Toast the hazelnuts for 10 minutes on a baking tray. Set a timer, because you’ll probably forget they’re in there.
In a large bowl, whisk the eggs and sugar together for 4 minutes until fluffy. Next beat in the grated beetroot, as well as the vanilla.
Add the flour, ground almonds, baking powder, cocoa powder and salt, and whisk until well combined.
Finally add the buttermilk and red food colouring. Whisk well and make sure everything is well combined.
Divide the mixture ‘evenly’ between 3 cake tins and place them in the oven for 30 minutes. They probably wont all fit in the middle of the oven, so make sure you rotate their positions in the oven.
When the cakes are cooked, remove from the oven, unmould and cool on a wire rack for 10 minutes.
Whilst the cakes are cooling make the snow meringue.
Place all of the ingredients in a big mixing bowl over a pan of boiling water.
stir with a clean
metal spoon rubber spatula (if you are worried about scratching your bowl) for exactly 2 minutes to dissolve the sugar.
When the mixture is warm and the 2 minutes are up, remove the bowl from the heat and whisk for 9 minutes until cool. You really won’t want to do this by hand! It should be fairly rigid in stiff glossy peaks. If you beat the icing for longer, it will just get harder and harder and no-one wants to break a tooth!
When the cakes are cold, spread 3 tbsp of Nutella between the first and second tiers.

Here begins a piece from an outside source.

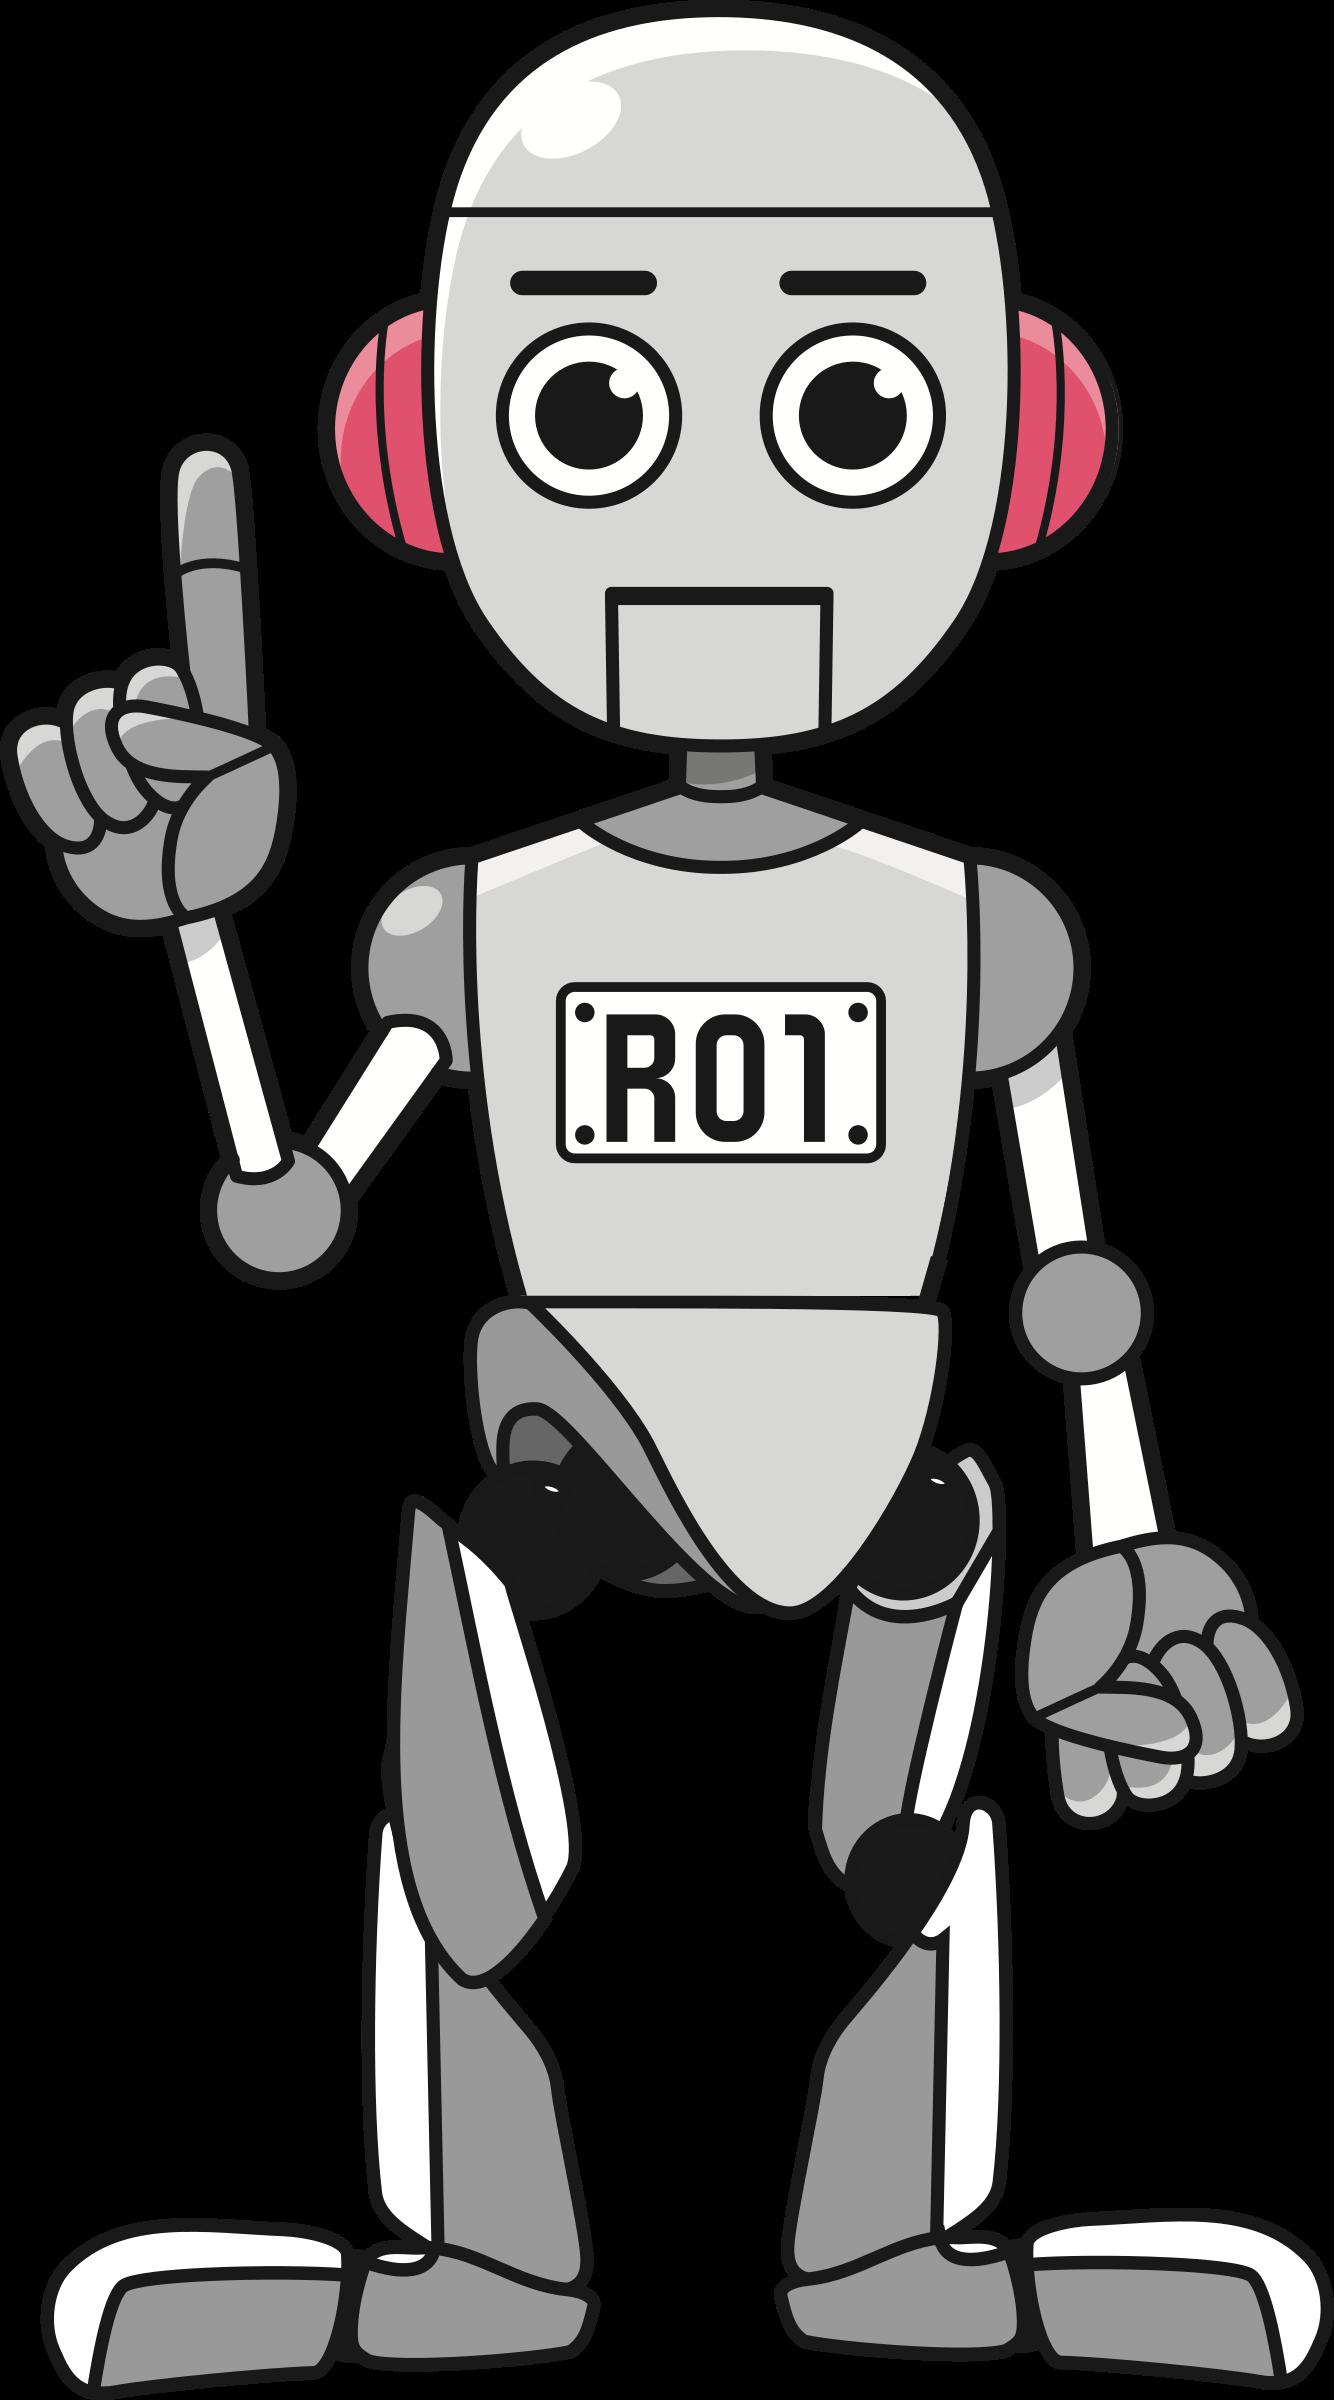 Robot clipart robot body, Robot robot body Transparent FREE.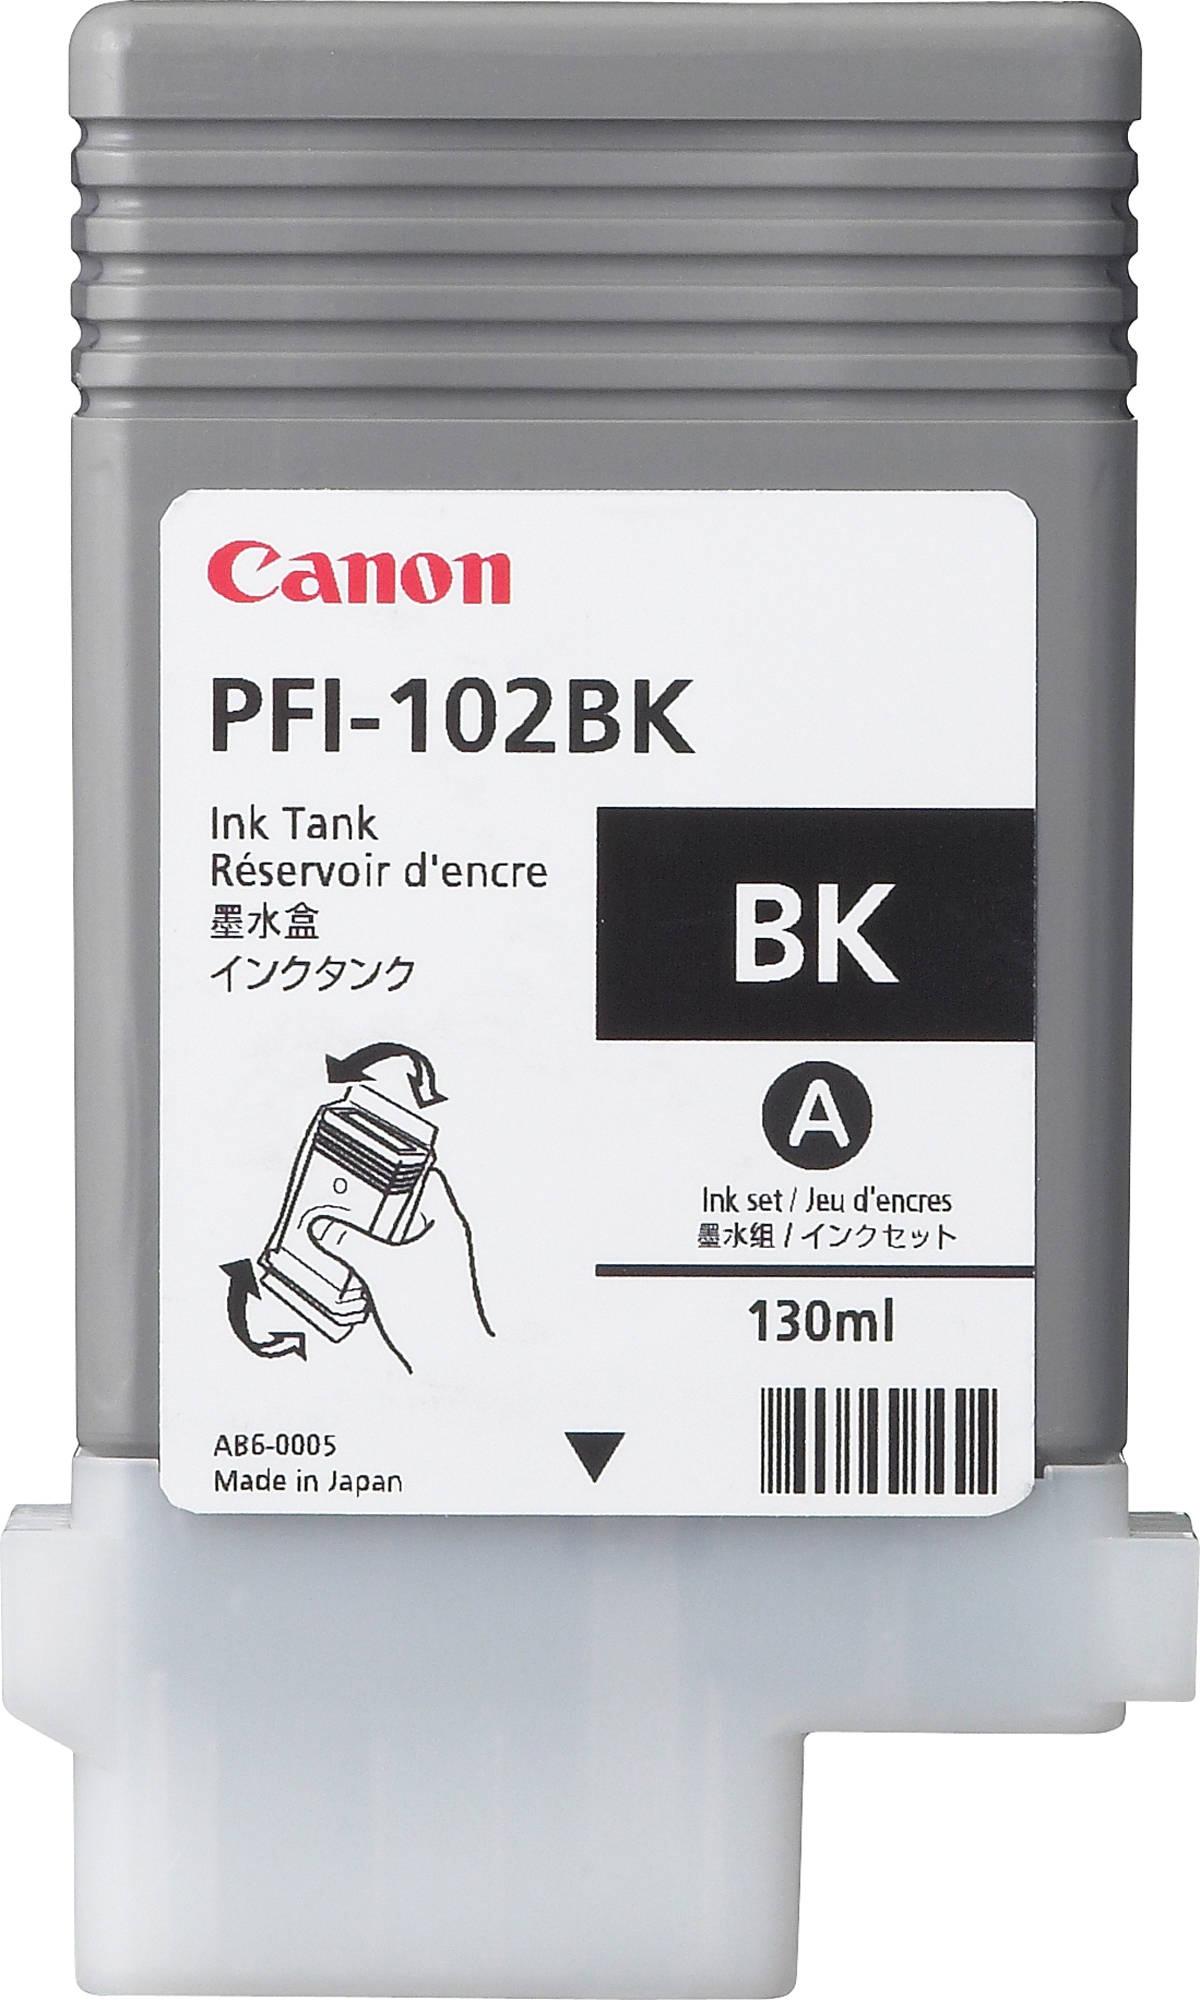 Canon PFI-102BK (0895B001) - картридж для принтеров Canon iPF500/600/610/700/710 (Black)

Then put another 3 tbsp between the second and third tiers.
Cover the whole cake with snow meringue icing, and pat the hazelnuts onto the side of the cake. Be warned: THIS IS VERY MESSY!
If like me, you think the top of the cake seems a bit left out, dust it with smashed up pistachios. Wait a little while for the meringue to stiffen up a bit, then cut yourself a slice!
A really moist, lovely cake. I could really use some help on the presentation front and I may have gone a bit OTT with the Nutella as that’s the main flavour you get, but I think it’s amazing for a gluten-free cake!